WHAT IS BEING ASKED.
Exactly as written, set down each line of the data below except its pictures.

INFORMATION SHOWN.
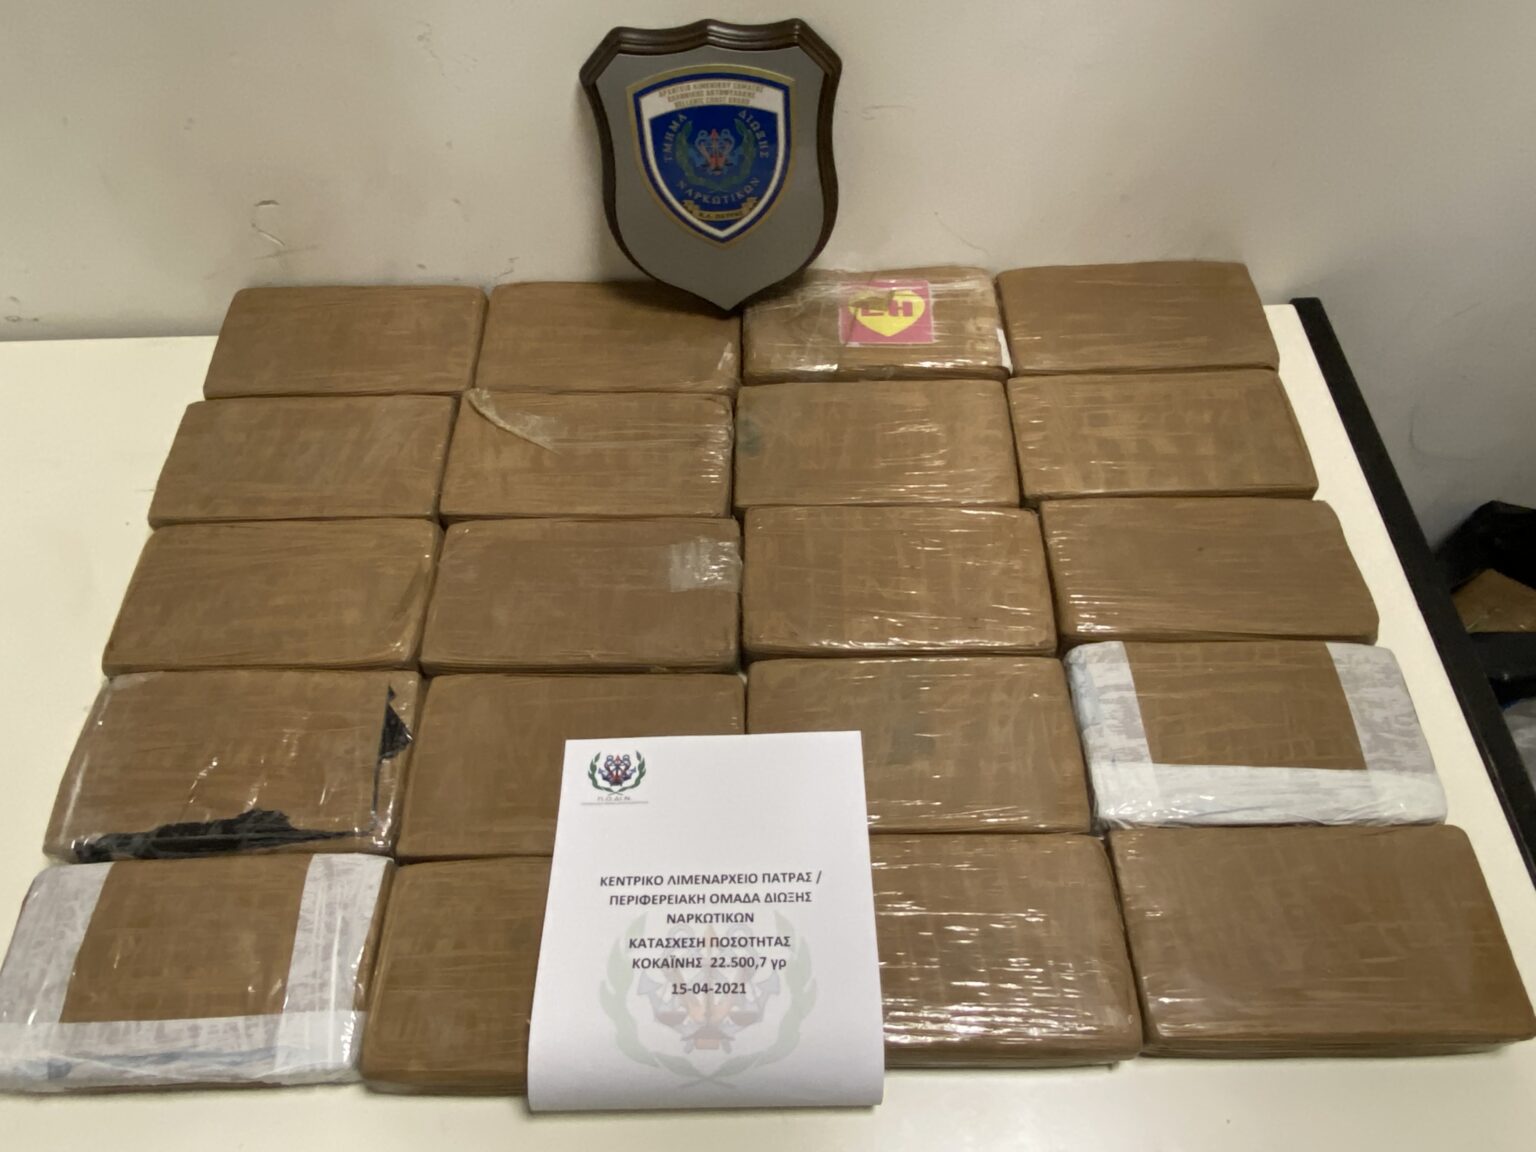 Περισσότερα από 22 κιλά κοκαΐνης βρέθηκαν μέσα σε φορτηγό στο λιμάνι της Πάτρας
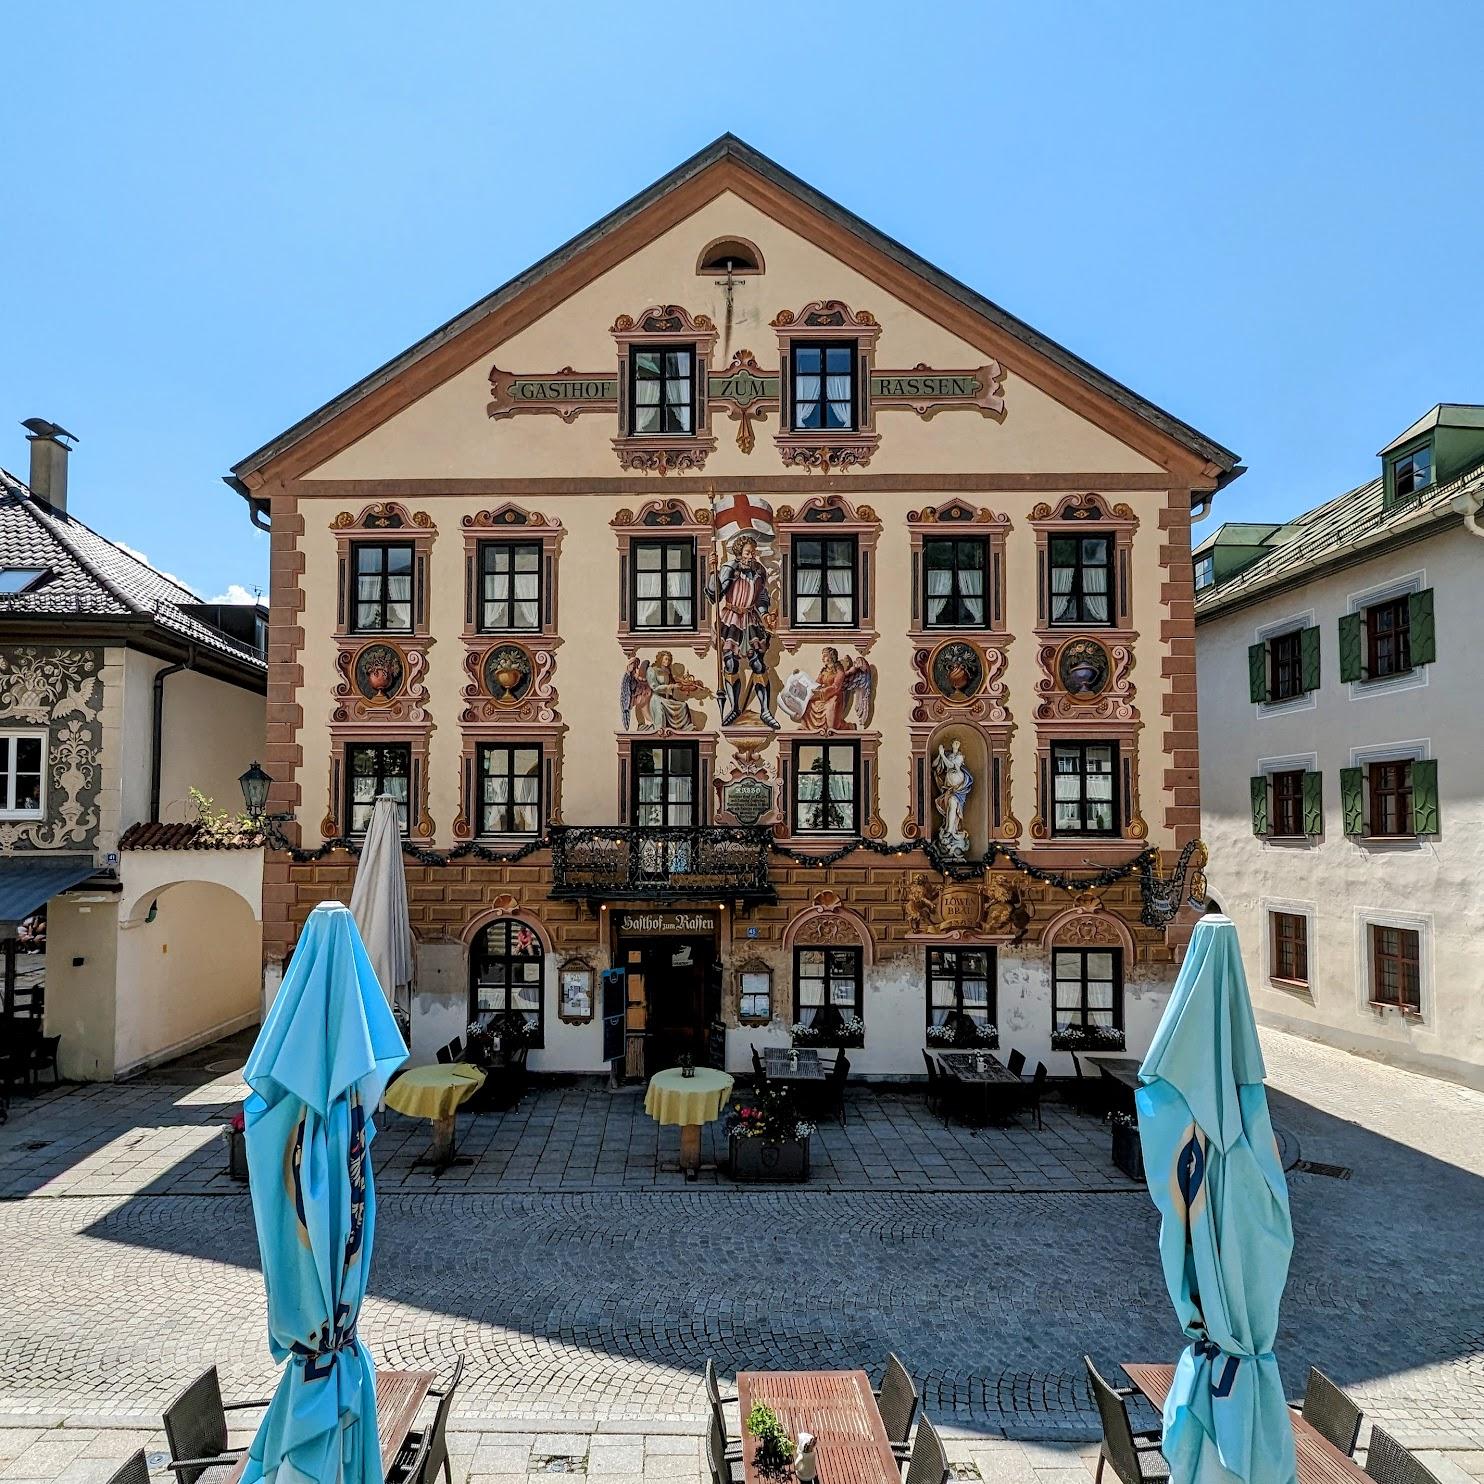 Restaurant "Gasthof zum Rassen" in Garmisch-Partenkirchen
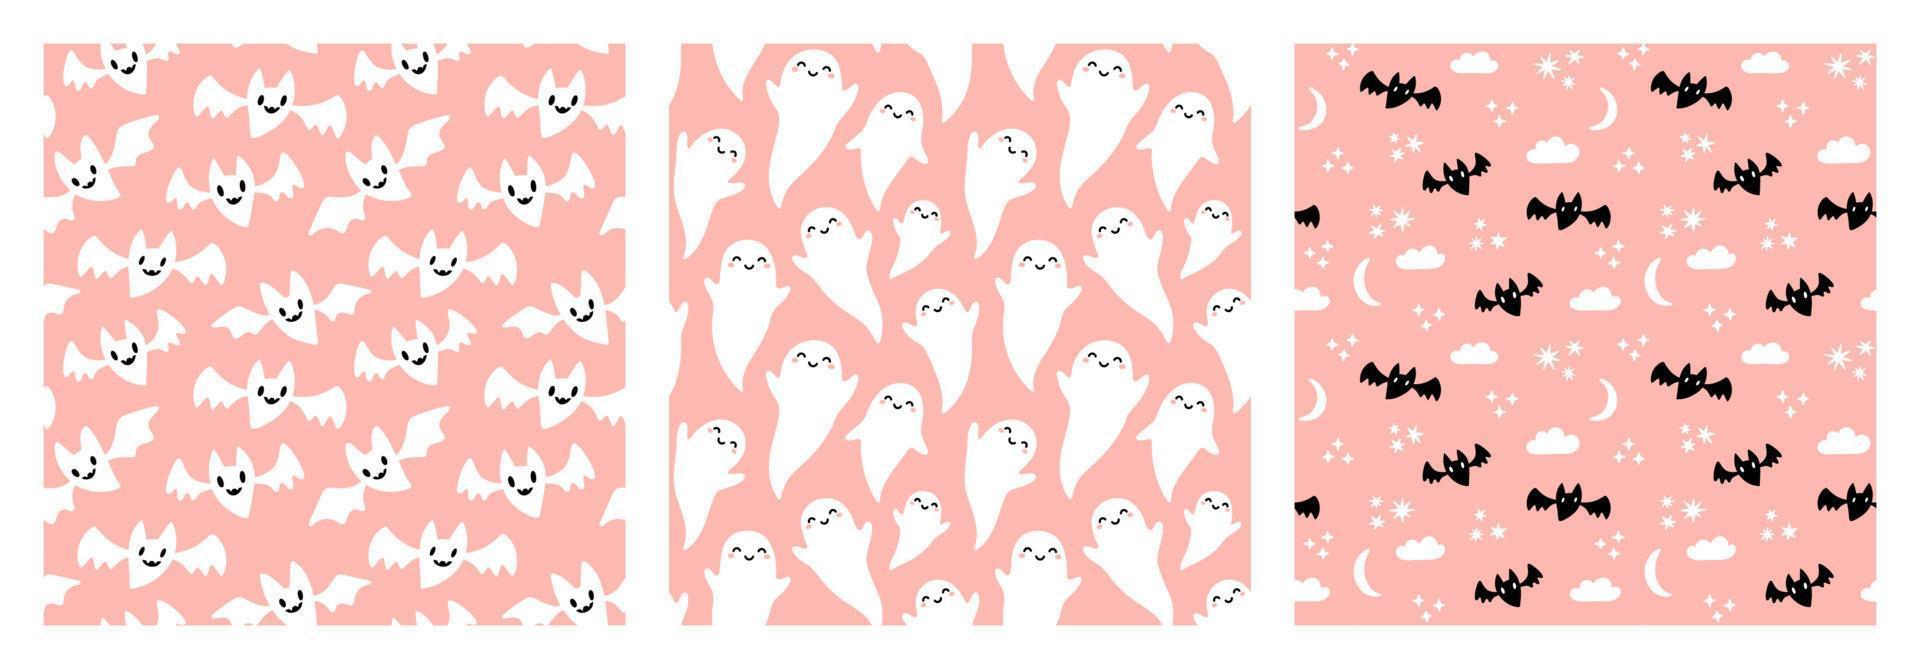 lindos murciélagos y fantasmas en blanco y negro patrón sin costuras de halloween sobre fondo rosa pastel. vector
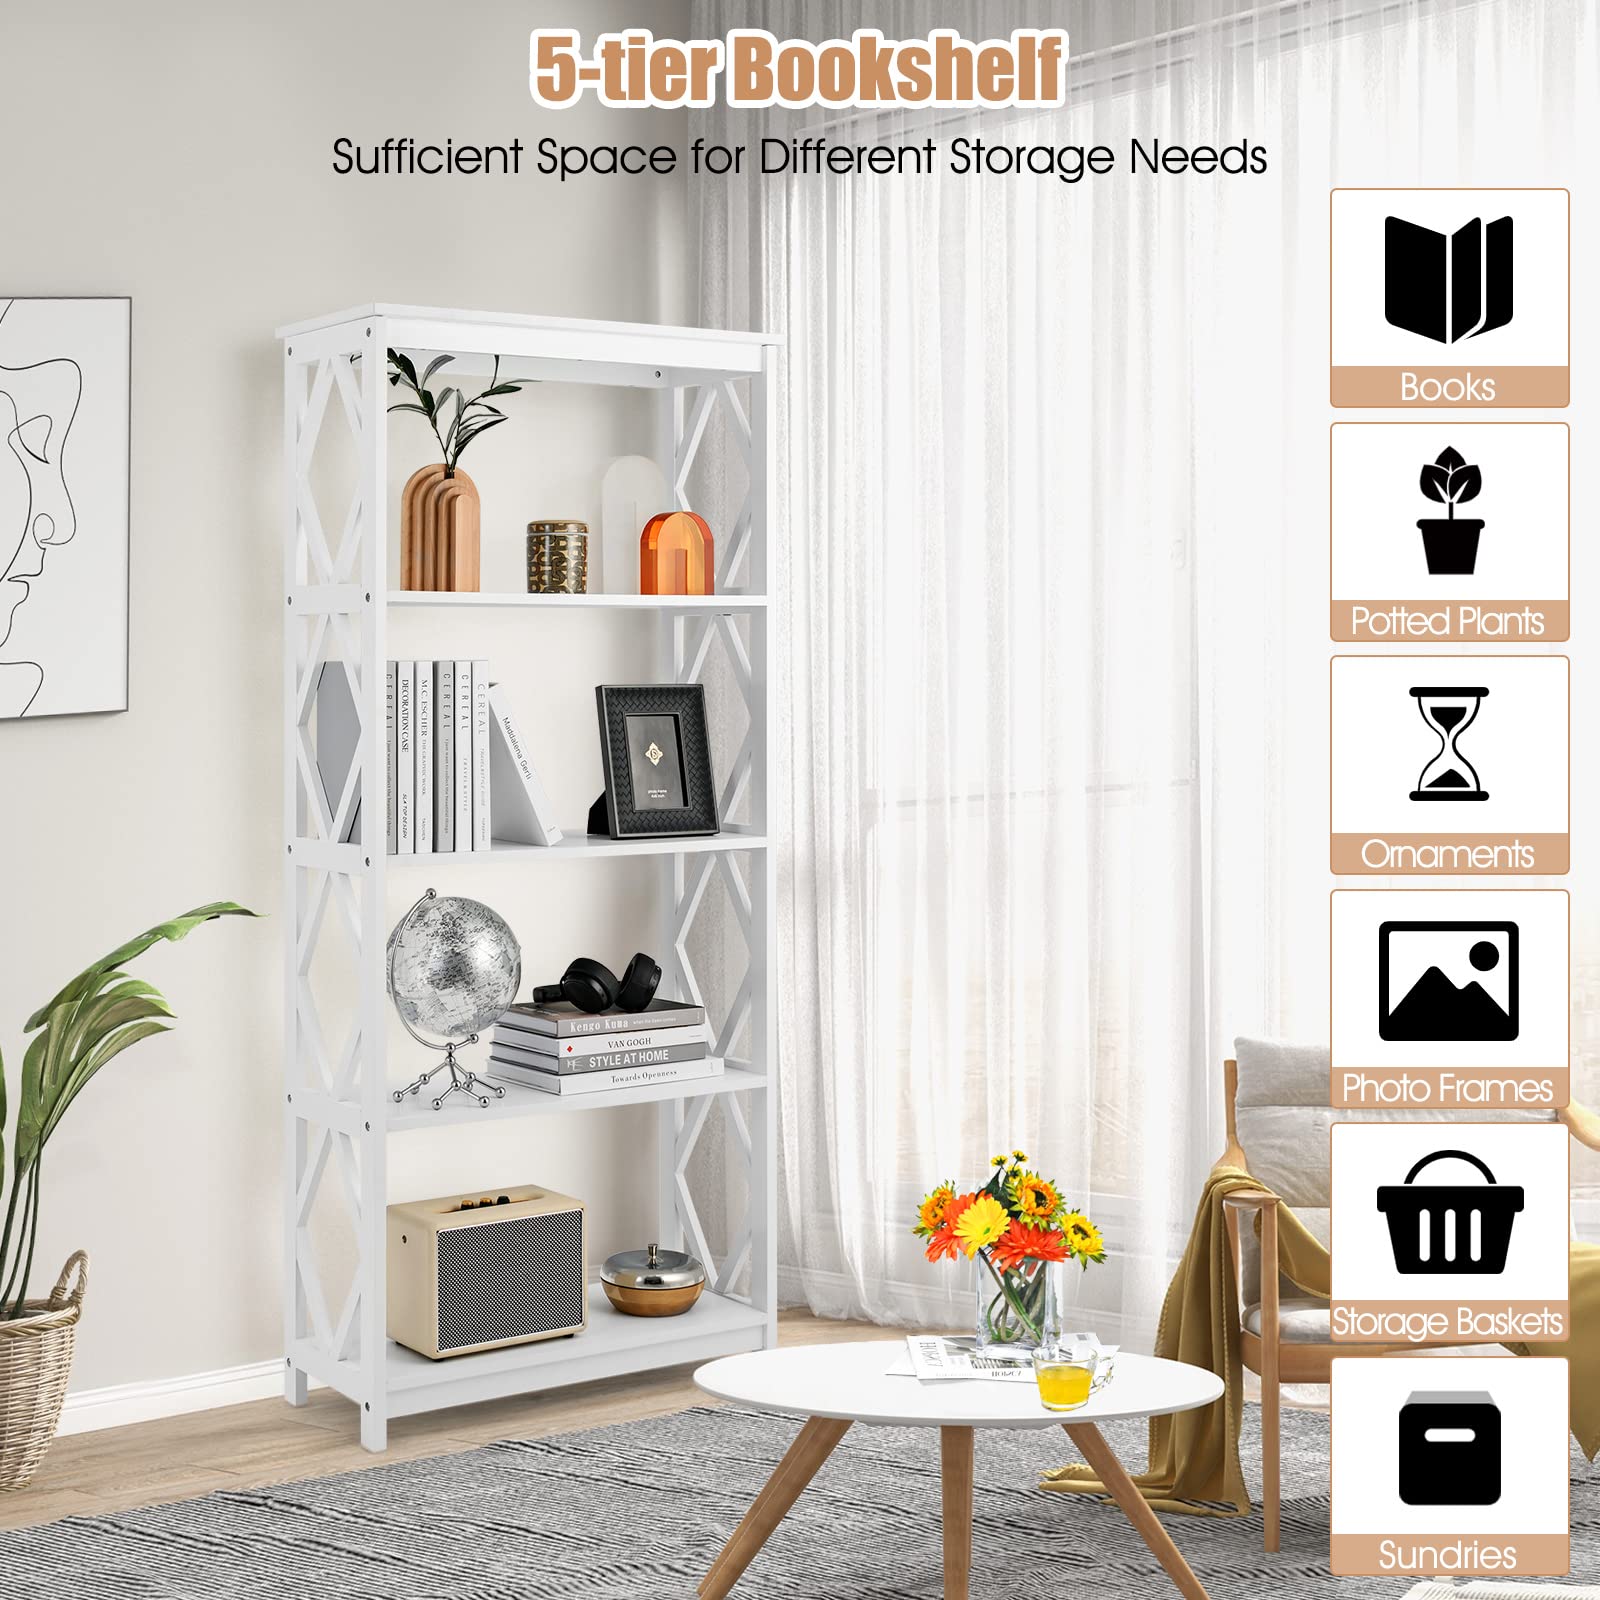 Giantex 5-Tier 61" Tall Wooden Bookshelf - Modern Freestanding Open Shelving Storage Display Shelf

WRITTEN RESPONSE.
 Περισσότερα από 22 κιλά κοκαΐνης βρέθηκαν μέσα σε φορτηγό στο λιμάνι της Πάτρας
 Restaurant "Gasthof zum Rassen" in Garmisch-Partenkirchen
 lindos murciélagos y fantasmas en blanco y negro patrón sin costuras de halloween sobre fondo rosa pastel. vector
 Giantex 5-Tier 61" Tall Wooden Bookshelf - Modern Freestanding Open Shelving Storage Display Shelf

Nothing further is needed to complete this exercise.